With hundreds of companies operating and more emerging, India has set a defence export target of about $6 billion by 2029, compared to around $80 million a decade ago, a report has mentioned.
The recent meeting between US President Donald Trump and his Chinese counterpart Xi Jinping in Beijing served as another reminder for Washington of an industrial imbalance that still does not work in America’s favour, Mike Kuiken, Vice Chair of the US-China Economic and Security Review Commission, and Leland Miller, a Commissioner on the US-China Economic and Security Review Commission, wrote in online magazine 'The Wire China.'
According to the American experts, China’s manufacturing base now exceeds that of the US, Japan, and Germany combined.
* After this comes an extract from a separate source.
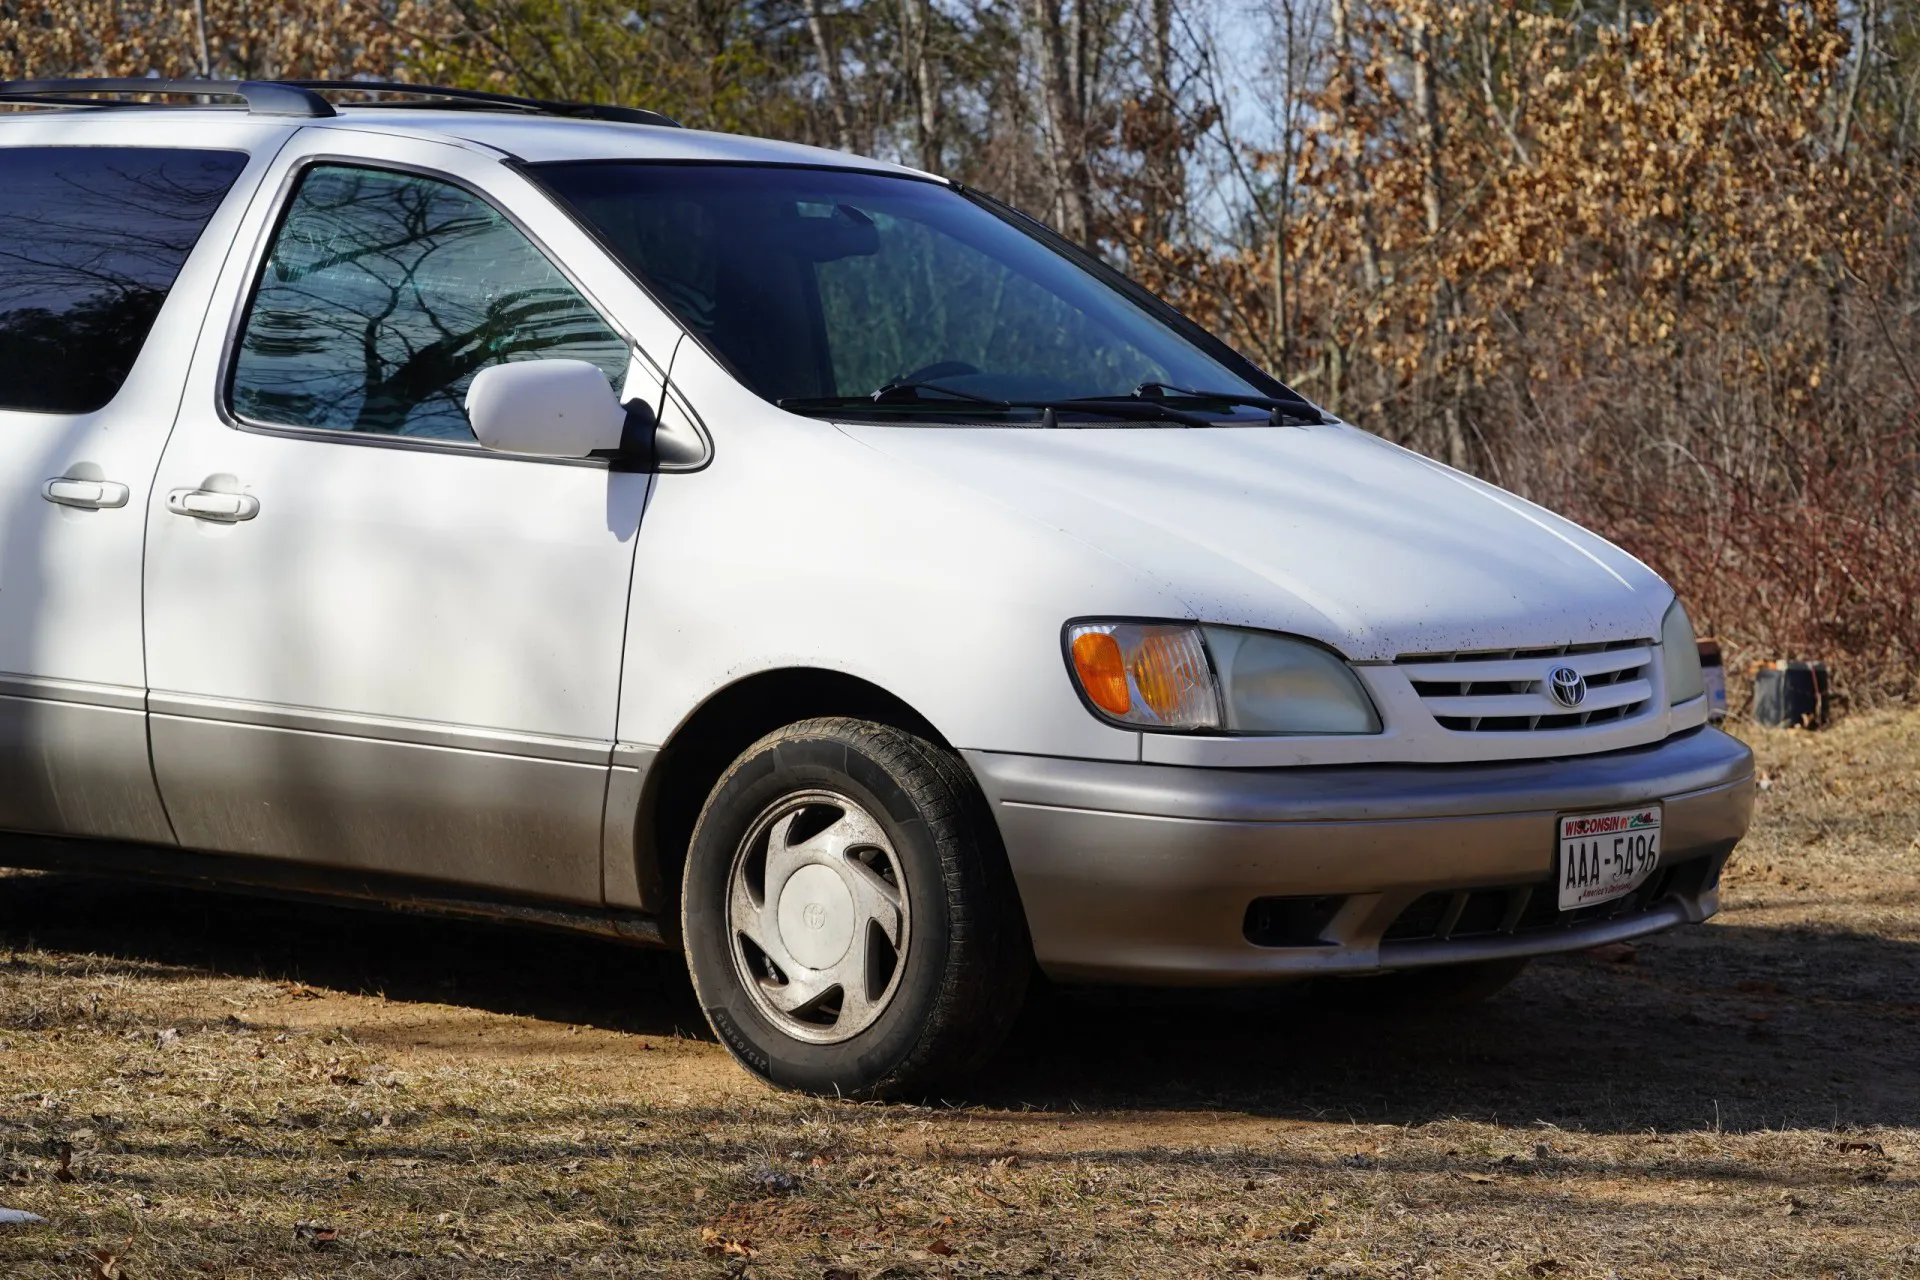 A 2002 White Toyota Sienna sits parked outside.

Even the United States and Europe together cannot match the Chinese industrial scale, making India “the only way the maths begins to work".
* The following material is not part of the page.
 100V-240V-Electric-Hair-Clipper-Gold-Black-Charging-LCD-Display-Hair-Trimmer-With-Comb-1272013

“That is not a matter of preference but strategic necessity,” they said, aligning with India’s own threat perceptions: “a country shaped by sustained Chinese pressure along its northern border, with defence modernisation increasingly organised around that reality.”
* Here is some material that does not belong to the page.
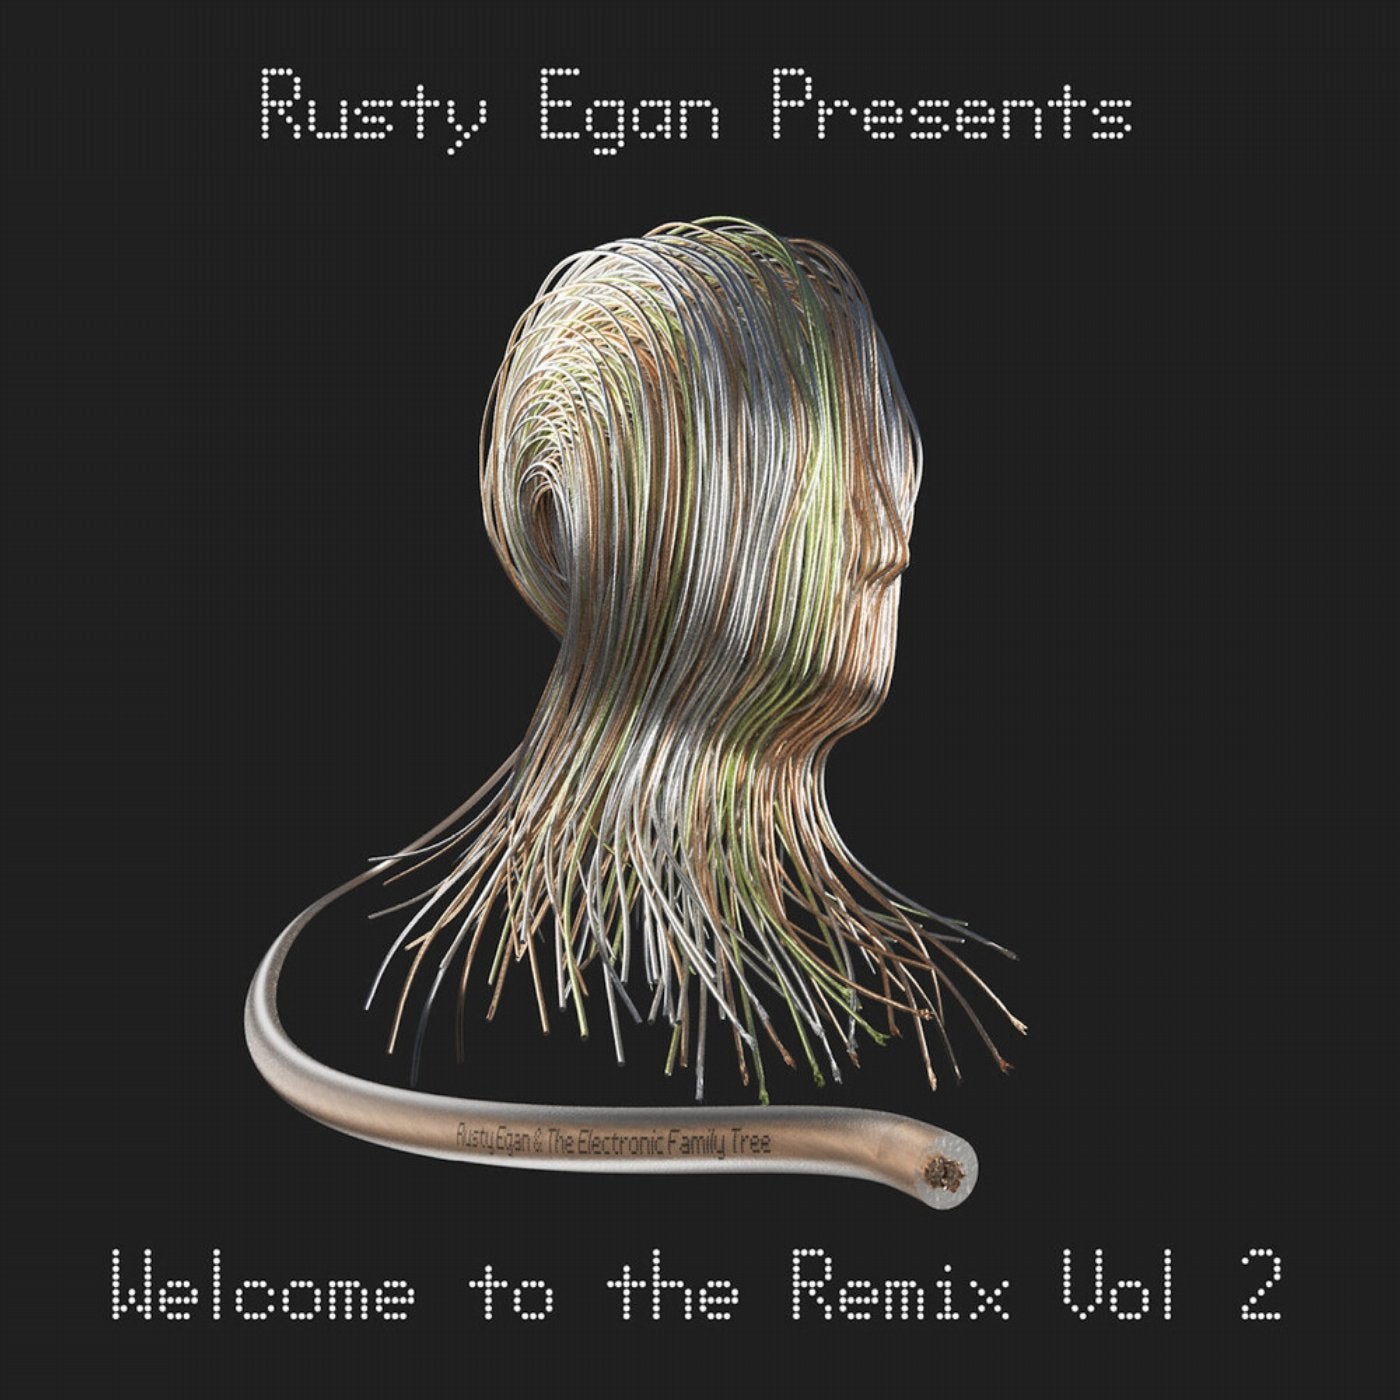 Rusty Egan Presents: Welcome to the Remix, Vol. 2

“The US and India have been signing the right documents. Last October, the two nations agreed to a roadmap covering joint research, co-development, supply security, and innovation bridges between American and Indian defence startups, building on years of bipartisan effort. In 2023, then-Senate Majority Leader Chuck Schumer used the Munich Security Conference to argue that the United States and Europe could not outcompete China alone and that India had to be at the centre of the answer,” they added.
Kuiken and Miller argued that signing more documents while the system governing how the US shares defence technology with its partners remains unchanged is not the solution.
They argued that concerns reflected in Indian commentary, that increasing bilateral engagement has not translated into access to the underlying technologies, are “well justified".
“The strategic argument for a deeper and more meaningful US-India partnership has been settled in Washington for three years, but the architecture has not moved. That is not principally a failure on India’s side of the table; it is ours,” the experts noted.
Highlighting the growing constraints in Washington in advancing the deeper cooperation with India, the report said that “what has lagged is not intent, but execution.”
“The bottleneck increasingly sits in Washington: export-control regimes, byzantine procurement rules, financing tools, and technology-sharing frameworks built for a different era and a different strategic environment. Until that architecture changes, the partnership will continue to operate below its potential. Every year that gap persists is another year in which Beijing consolidates its industrial and technological advantage,” it noted.